**DATA EXCERPT**:
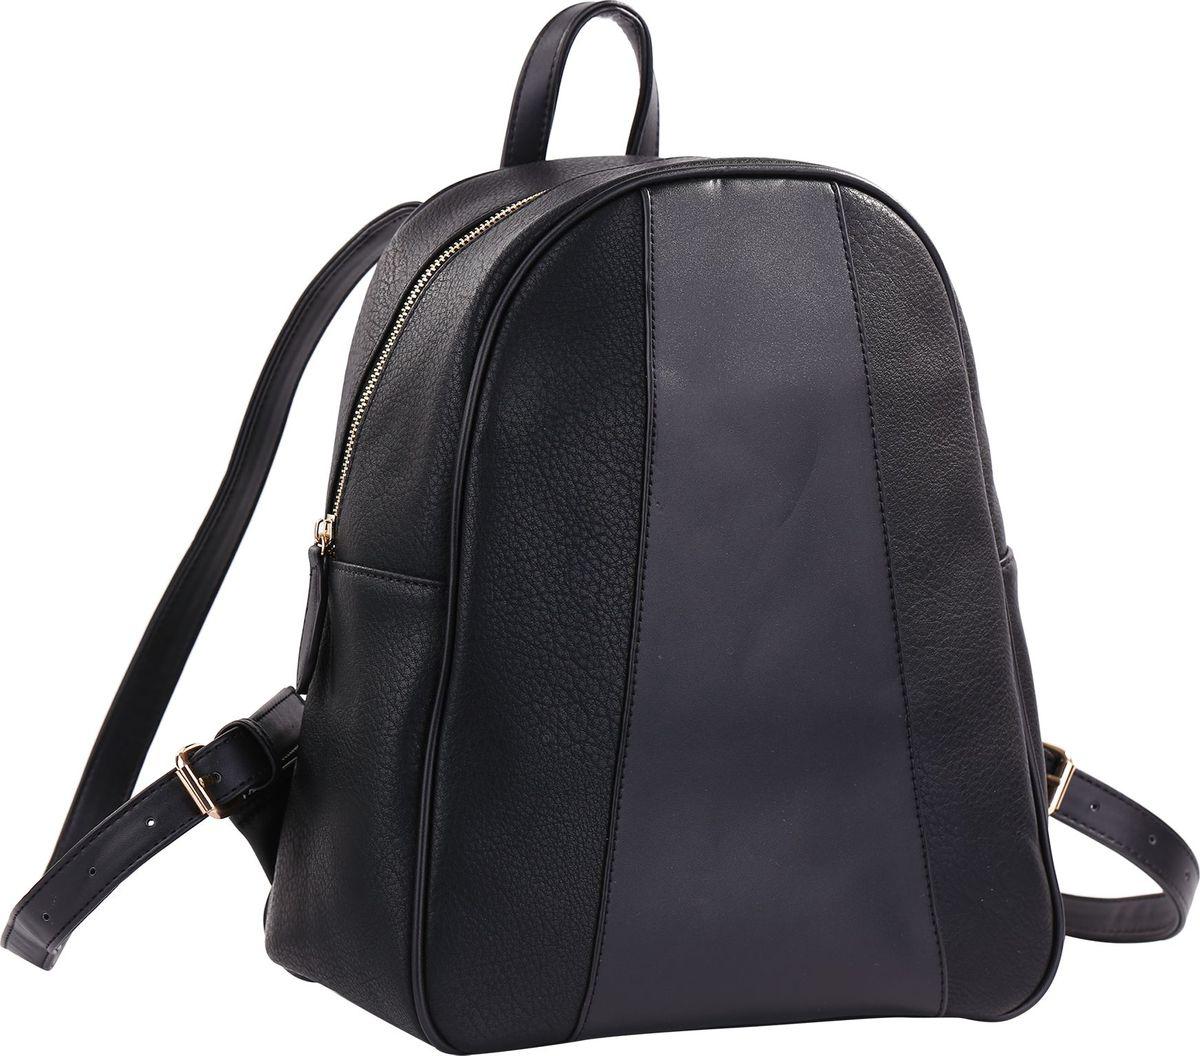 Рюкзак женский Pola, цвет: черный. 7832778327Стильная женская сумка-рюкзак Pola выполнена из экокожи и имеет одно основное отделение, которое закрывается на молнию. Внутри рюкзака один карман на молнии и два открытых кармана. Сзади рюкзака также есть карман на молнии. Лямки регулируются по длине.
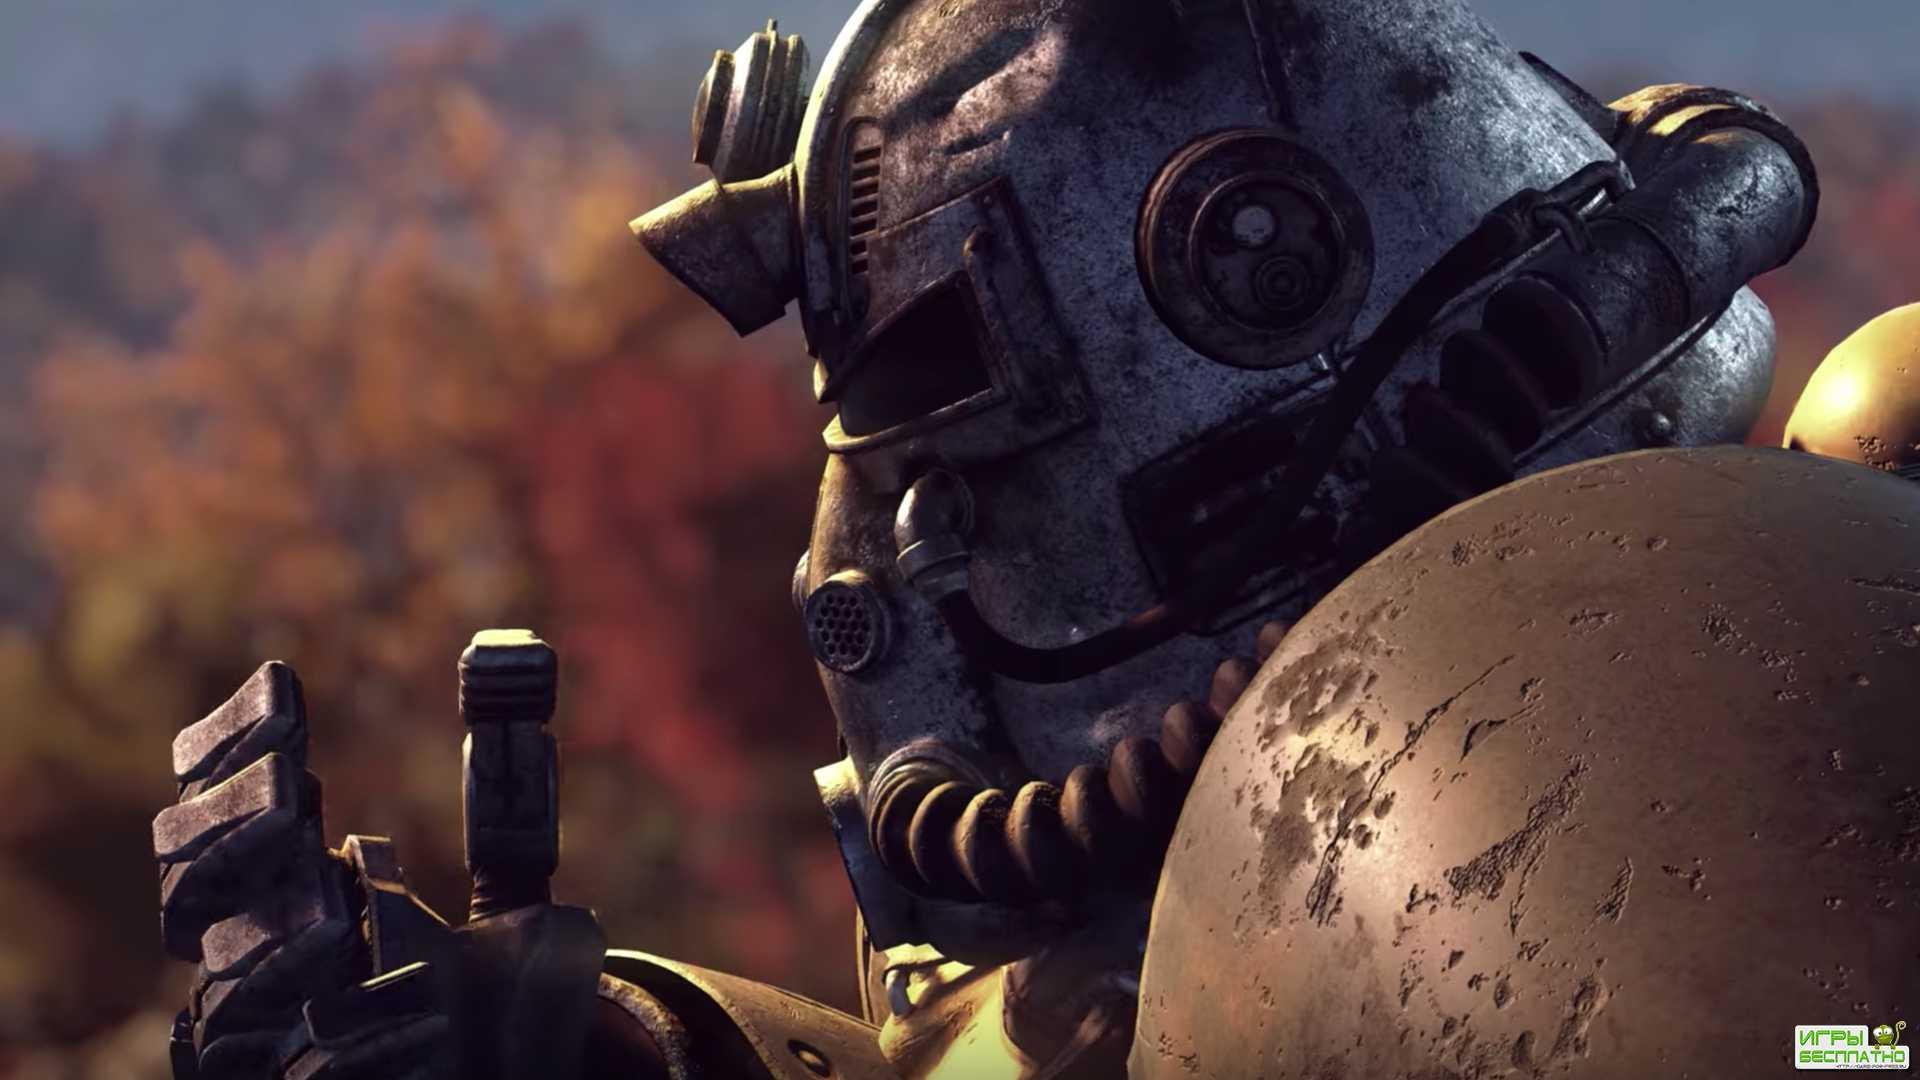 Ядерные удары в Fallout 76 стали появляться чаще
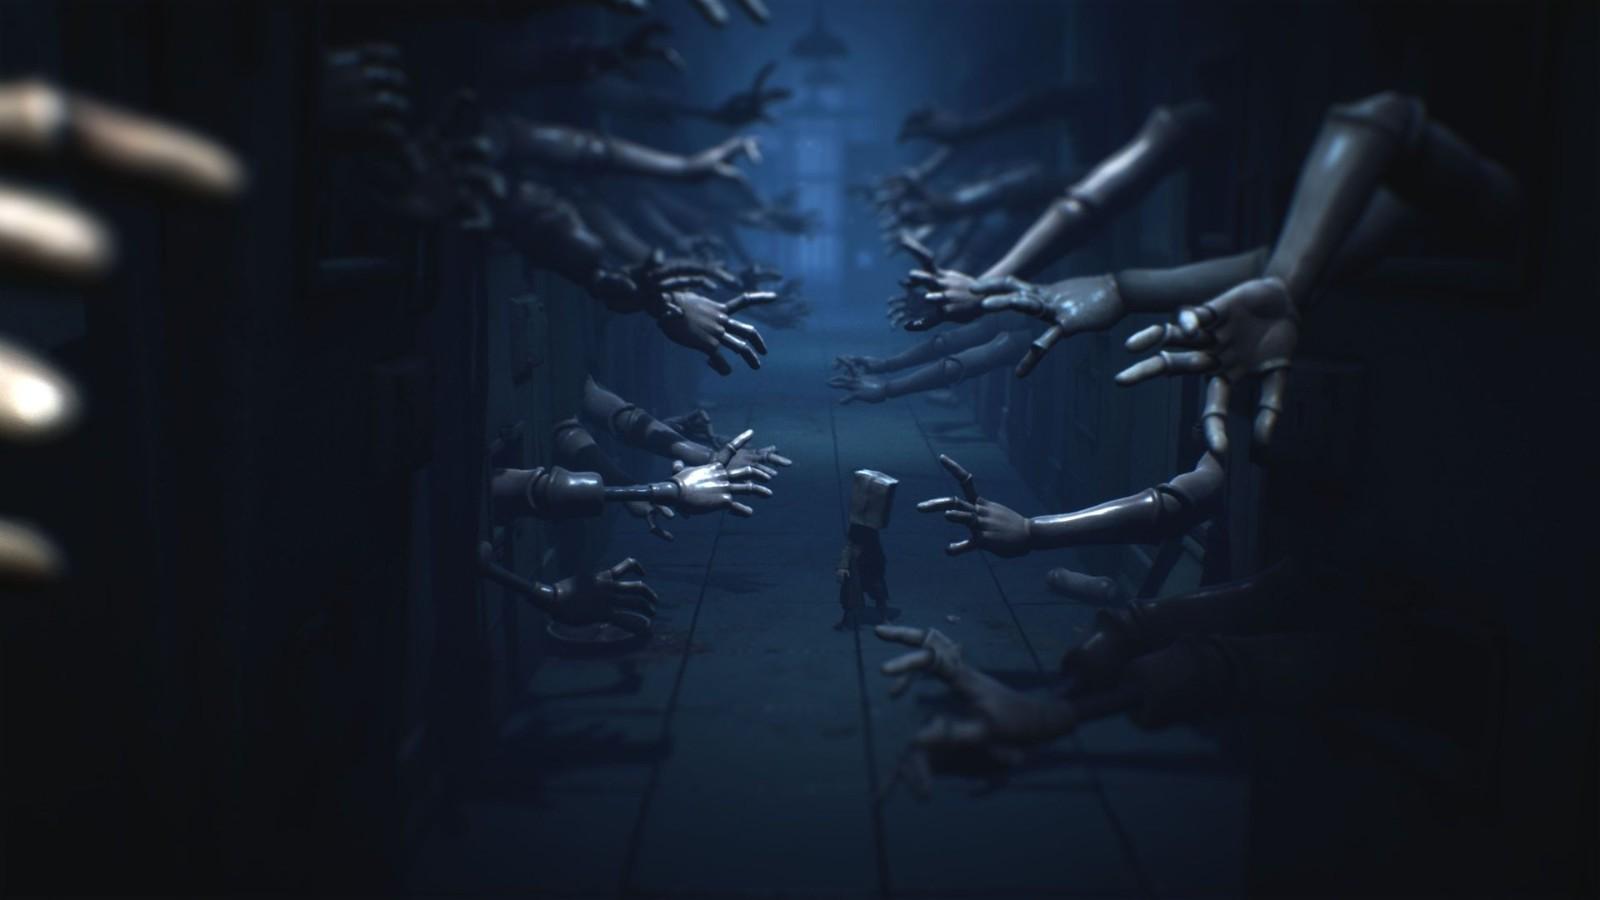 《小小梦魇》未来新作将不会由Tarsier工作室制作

**DIRECTIONS FOR THIS TASK**: Reproduce the material word for word, but without its images.

**EXPECTED ANSWER**:
 Рюкзак женский Pola, цвет: черный. 7832778327Стильная женская сумка-рюкзак Pola выполнена из экокожи и имеет одно основное отделение, которое закрывается на молнию. Внутри рюкзака один карман на молнии и два открытых кармана. Сзади рюкзака также есть карман на молнии. Лямки регулируются по длине.
 Ядерные удары в Fallout 76 стали появляться чаще
 《小小梦魇》未来新作将不会由Tarsier工作室制作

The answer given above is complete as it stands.